The result i should get is there should be an output file and file with information of that id; for each reference id
However, this code doesn't do anything on my "try:" portion at all
import sys
import urllib2
from lxml import etree
import os
getReference = open('Reff.txt','r') #open the file that contains list of reference ids
global tID
for tID in getReference:
tID = tID.strip()
try:
with open(''+tID.strip()+'.txt') as f: pass
fileInput = open(''+tID+'.txt','r')
readAA = fileInput.read()
store_value = (readAA.partition('\n'))
aaSequence = store_value[2].replace('\n', '') #concatenate lines
makeList = list(aaSequence)#print makeList
inRange = ''
fileAddress = '/database/int/data/'+tID+'.txt'
filename = open(fileAddress,'r')#name of the working file
print fileAddress
with open(fileAddress,'rb') as f:
root = etree.parse(f)
for lcn in root.xpath("/protein/match[#dbname='PFAM']/lcn"):#find dbname =PFAM
start = int(lcn.get("start"))#if it is PFAM then look for start value
end = int(lcn.get("end"))#if it is PFAM then also look for end value
while start <= end:
inRange = makeList[start]
start += 1
print outputFile.write(inRange)
outputFile.close()
break
break
break
except IOError as e:
newURL ='http://www.uniprot.org/uniprot/'+tID+'.fasta'
print newURL
response = urllib2.urlopen(''+newURL) #go to the website and grab the information
creatNew = open(''+uniprotID+'.txt','w')
html = response.read() #read file
creatNew.write(html)
creatNew.close()
So, when you do Try/Except - if try fails, Except runs. Except is always running, because Try is always failing.

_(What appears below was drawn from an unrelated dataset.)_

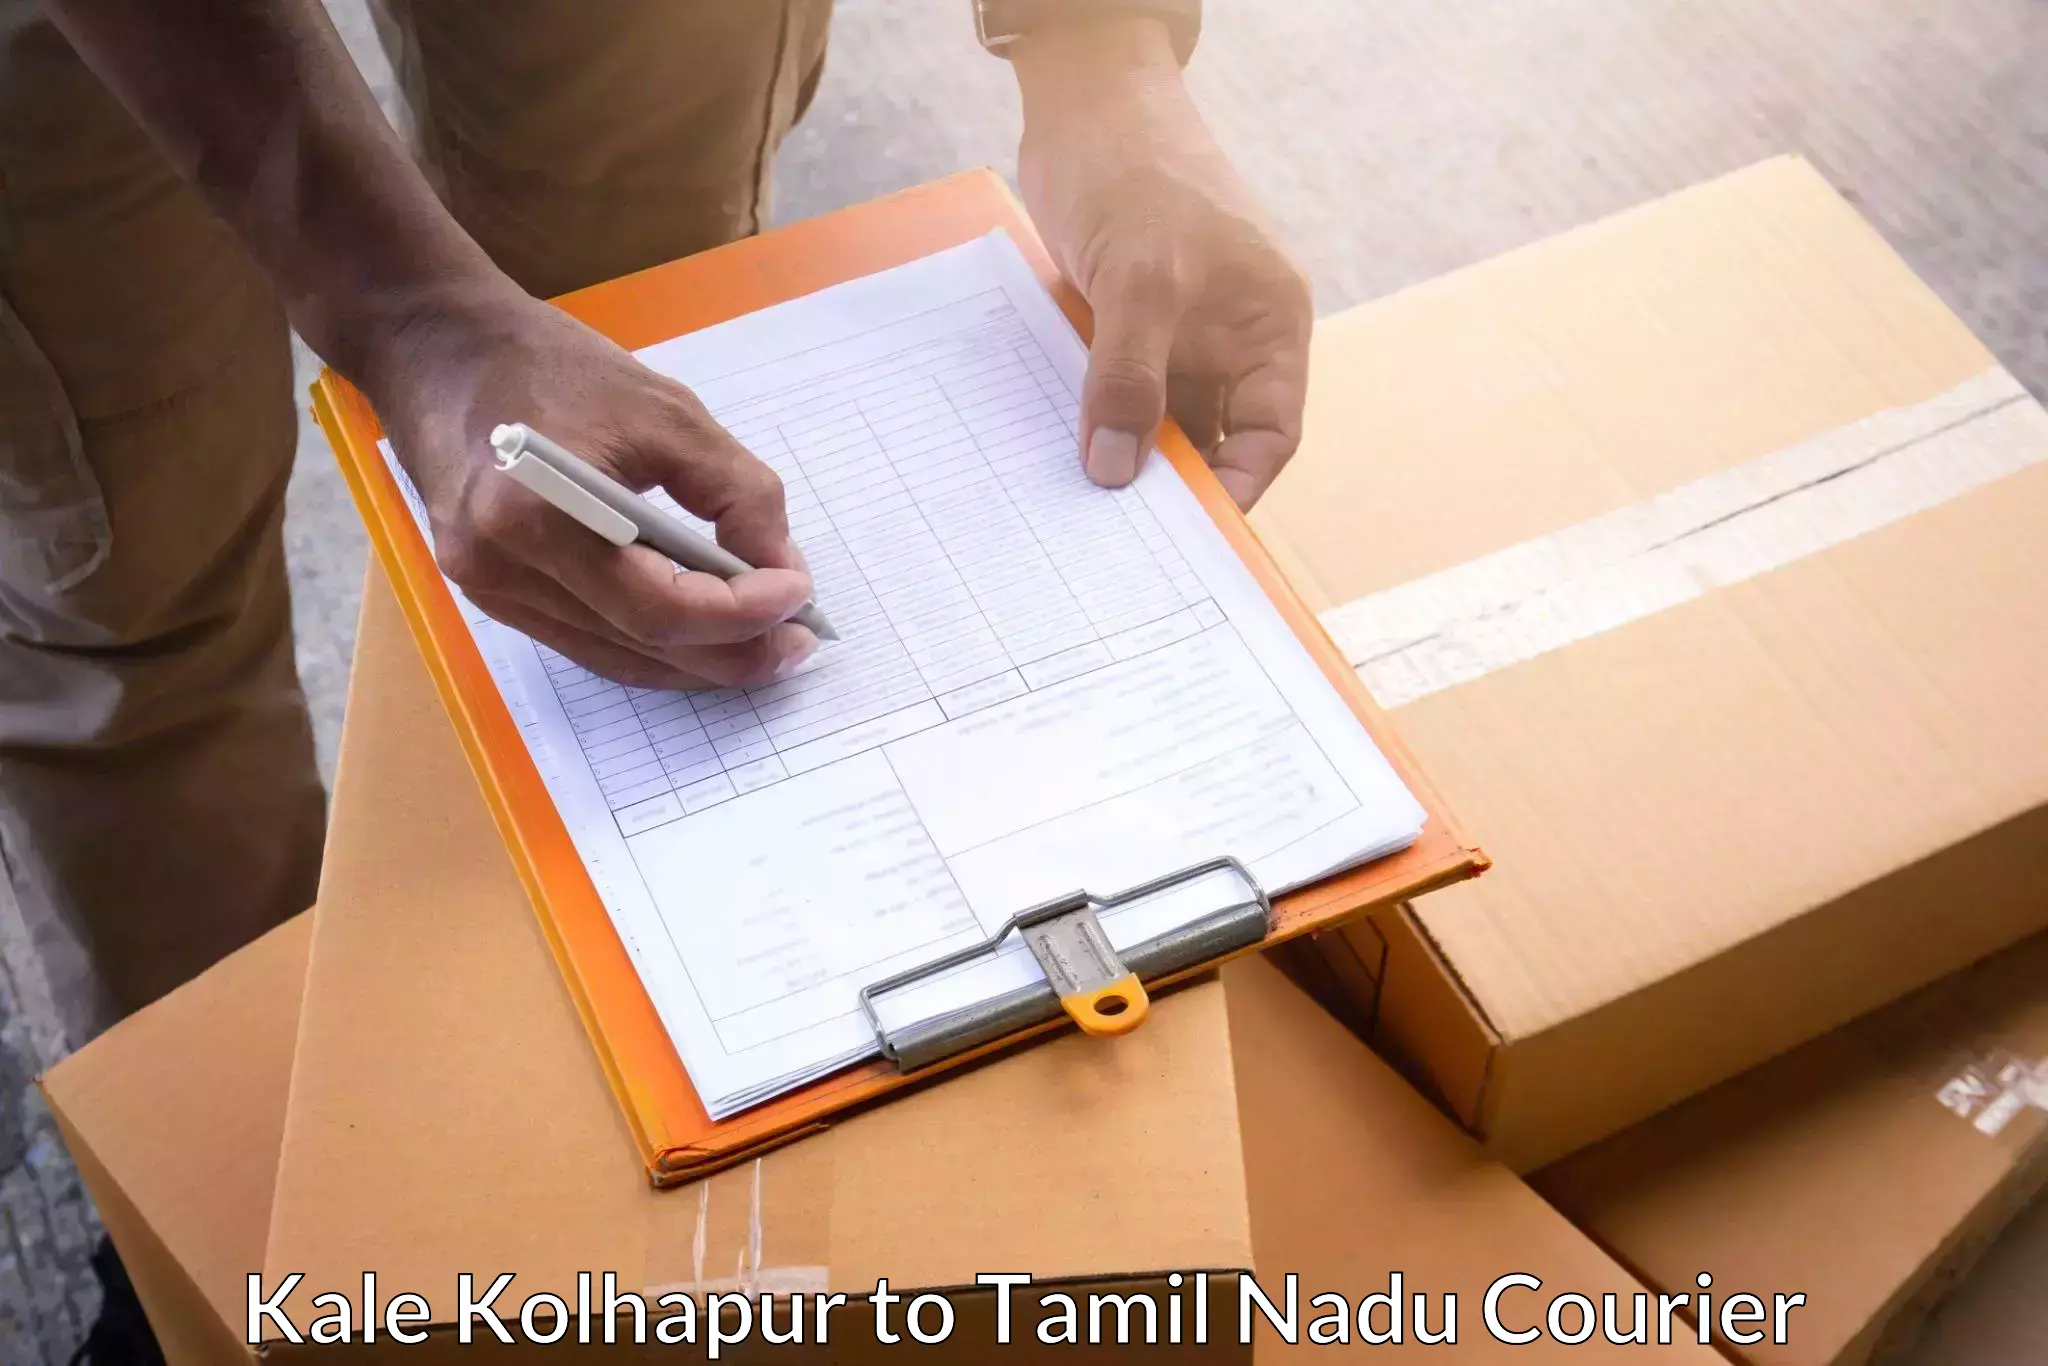 Courier service comparison Kale Kolhapur to Viralimalai

Most likely reason for this is that you have this - "print outputFile.write(inRange)", but you have not previously declared outputFile.
ETA: Also, it looks like you are only interested in testing to the first pass of the for loop? You break at that point. Your other breaks are extraneous in that case, because they will never be reached while that one is there.